Start with these groups, then load [metrics.md](references/metrics.md) for the
full list and interpretation rules:

- Runtime identity: LightOp commit, operator, public API, shape, dtype, gfx
  arch, DTK/ROCm/PyTorch version, build command.
- Device selection: `hy-smi` or `rocm-smi` output, selected
  `HIP_VISIBLE_DEVICES`, HCU utilization, and VRAM occupancy.
- Benchmark timing: warmup, repeats, p50/p90/mean, synchronization points,
  variance, baseline and candidate deltas.
- `hipprof` timing: total HIP API time, kernel time, memcpy/memset time,
  launch overhead, top kernels by inclusive/exclusive time.
- Kernel launch shape: grid/block, waves per block, occupancy clues, block
  count relative to CU count, tiny-kernel overhead.
- Memory path: global load/store volume, coalescing, alignment/vector width,
  L2/HBM pressure, redundant reads/writes, temporary tensors.
- LDS path: LDS use, bank conflicts, barriers, shared staging cost.
- Compute path: MFMA/vector ALU utilization, conversion/quantization overhead,
  scalar control overhead, epilogue fusion cost.
- Resource pressure: VGPR/SGPR, spills/scratch, LDS per block, occupancy
  limiters, overly aggressive unroll.
- Dispatch/config: wrong shape branch, overly broad config, missing gfx
  specialization, fallback path accidentally selected.
- ISA/code object: hot instruction window, vector width, MFMA selection,
  excessive scalarization, scratch loads/stores.

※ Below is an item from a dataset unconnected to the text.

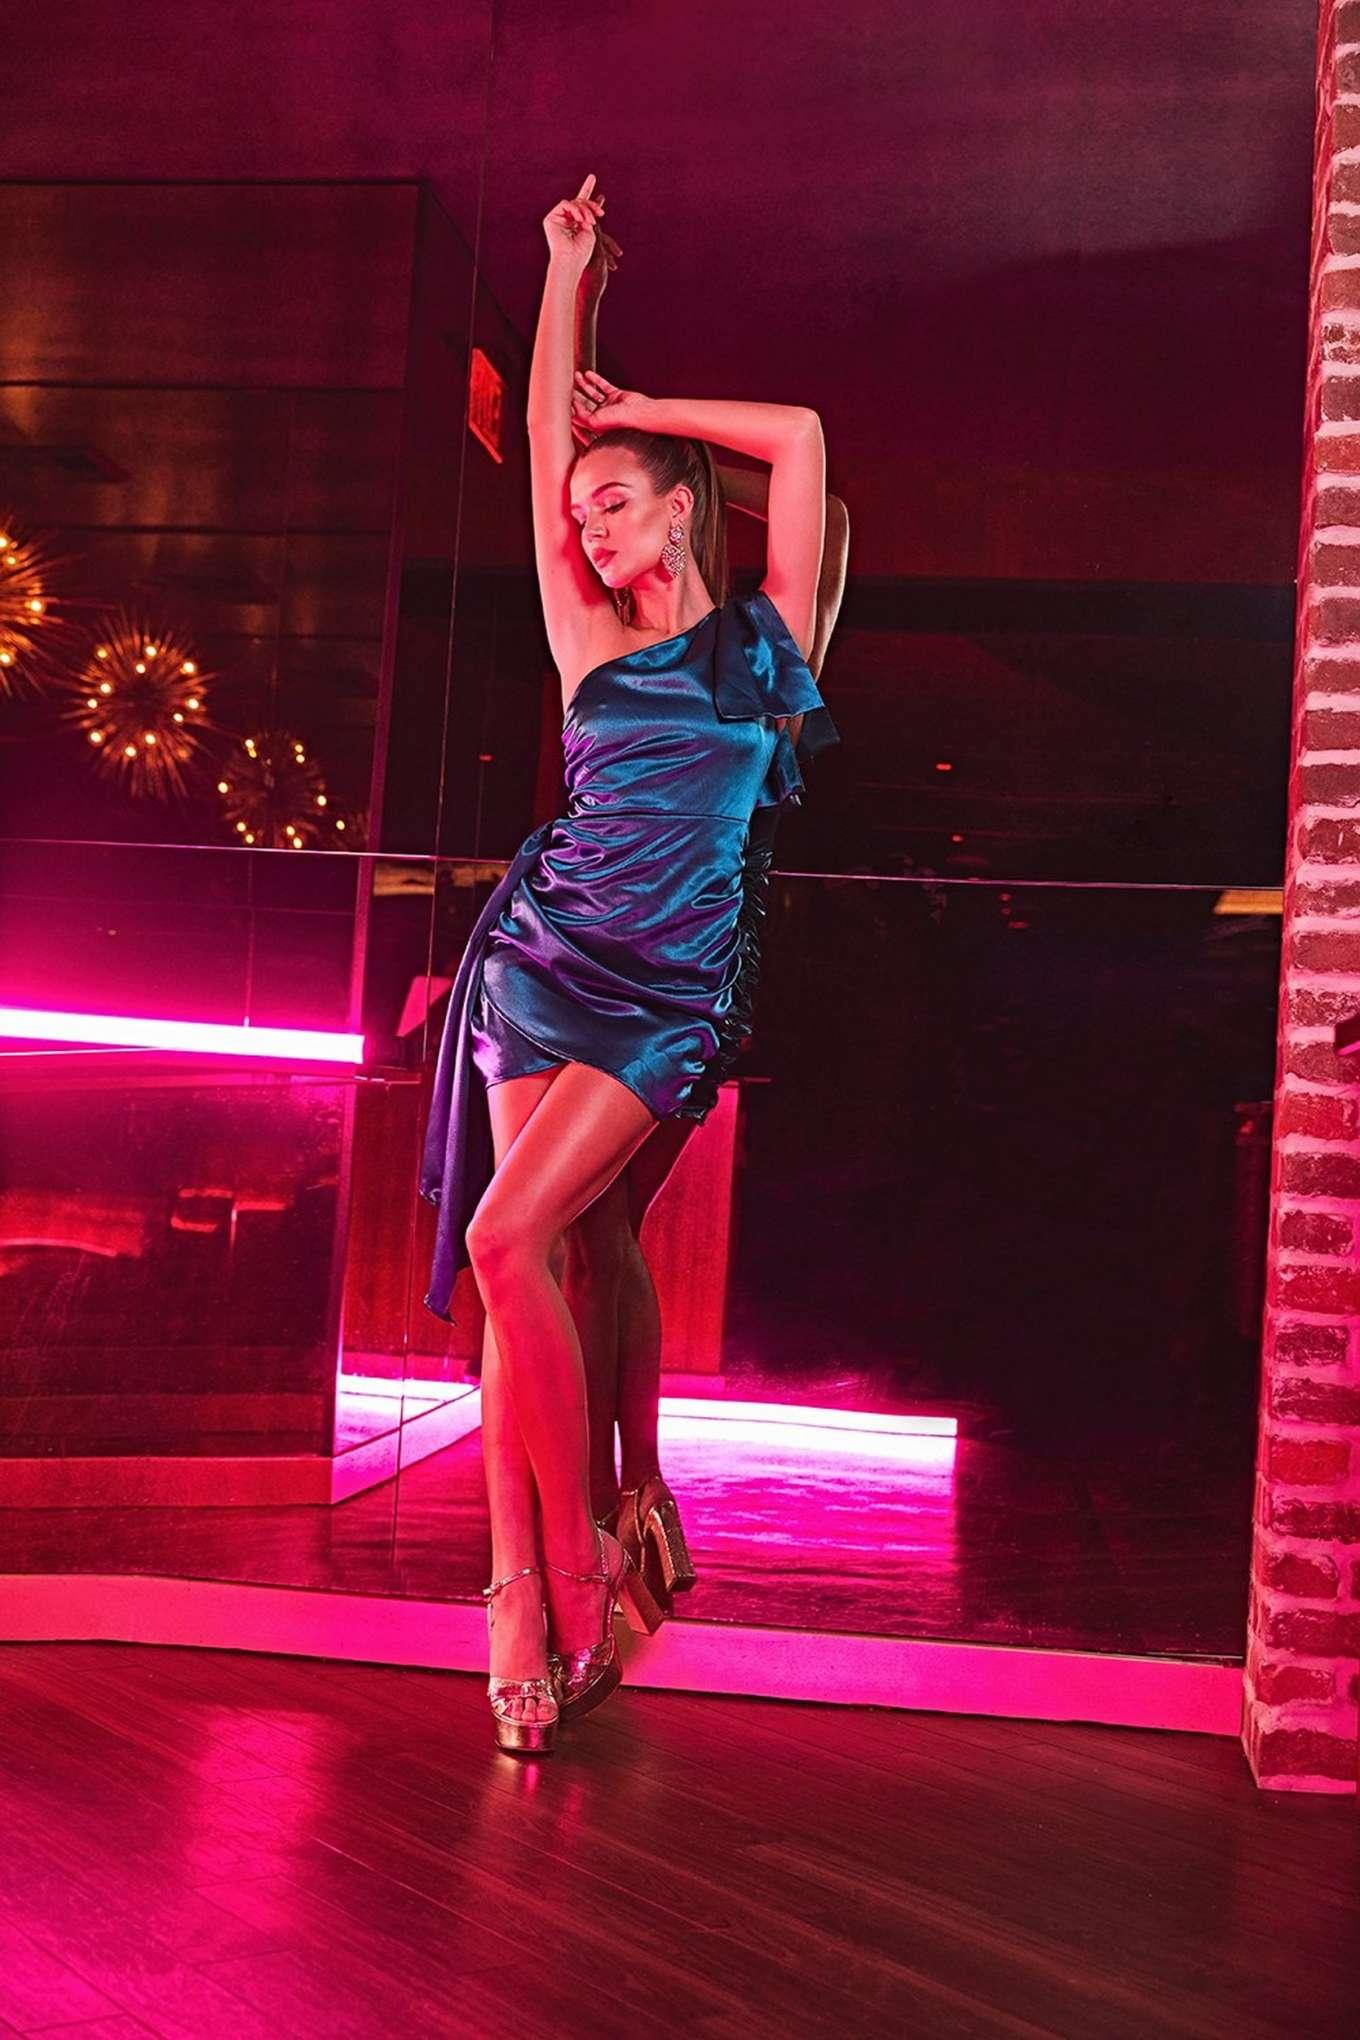 Josephine Skriver 2019 : Josephine Skriver – All That Glitters Holiday Boohoo Campaign 2019-04

For the mandatory <5% second-optimization gate, the digest must include all of
these sections: `hipprof` PMC all, SQTT JSON or the unavailable-tool reason,
`dccobjdump` disassembly, code-object resource usage, and explicit
LDS/register/occupancy interpretation.

Validate exact tool availability on the target machine:

```bash
which hipprof || true
which rocprof || true
which rocprofv3 || true
which rocprof-compute || true
hipcc --version
```

## Digest Template

```markdown
### DCU Profile Digest: <operator> @ <version>

Environment
- LightOp root:
- Repo commit:
- GPU / gfx:
- Device status command:
- Selected HIP_VISIBLE_DEVICES:
- HCU utilization / VRAM before run:
- DTK / ROCm / PyTorch:
- Build command:
- Benchmark command:
- Shape / dtype:
- Baseline or parent profile:
- Candidate profile:
- Artifacts:

Headline
- Bottleneck class:
- Dominant time sink or hotspot:
- Confidence: High | Medium | Low
- Why this profile is valid:

Evidence
| Signal | Baseline | Candidate | Delta | Interpretation |
|---|---:|---:|---:|---|
| <metric/log line> | <value> | <value> | <delta> | <meaning> |

Profiler Hotspots
- <kernel/API/copy/config branch>: <measured signal> -> <meaning>

Deep Analysis Artifacts
- hipprof PMC all:
- SQTT JSON:
- dccobjdump:
- code-object resource usage:
- LDS/register/occupancy:

Counter / ISA Analysis
- Counter source:
- Hot instruction window:
- Suspected codegen or resource issue:
- Instruction-level or launch-level edit:

Inference Chain
1. Measured signal:
2. Likely mechanism:
3. Why other hypotheses are weaker:
4. Risk:
5. Validation command after edit:

Next Edit
- <exactly one concrete LightOp code, binding, config, or benchmark edit>
```

## Diagnosis Hints

- High HIP API time with tiny kernel time: reduce Python/C++ launch count,
  fuse adjacent ops, or route to an existing fused LightOp path.
- High memcpy/memset time: remove host-device transfers, avoid temporary
  materialization, or make output allocation/reuse explicit.
- Dominant single kernel and poor benchmark scaling: inspect memory layout,
  vectorized loads/stores, block size, and dispatch config.
- Low occupancy clues or spills: reduce VGPR pressure, split the kernel,
  shrink unroll, or specialize for the target shape.
- LDS/barrier-heavy symptoms: reduce staging, fix bank conflicts, or simplify
  inter-wave synchronization.
- MFMA-capable GEMM/MoE path underperforms: verify the intended asm/rocBLAS/
  hipBLASLt/CK/Triton AMD route is selected and that shape config matches `W`.
- A candidate only wins on one shape: record it in the performance map and add
  shape/gfx dispatch instead of replacing the broader default.

## Ledger Rules

- Keep `hipprof.txt`, benchmark logs, deeper profiler exports, and digest paths
  in the attempt ledger.
- Only promote a profile-driven edit to the optimization ledger after
  correctness passes and the benchmark shows measured improvement.
- If the profiler tool is unavailable, record the command attempted, the
  failure, and the cheaper evidence used instead.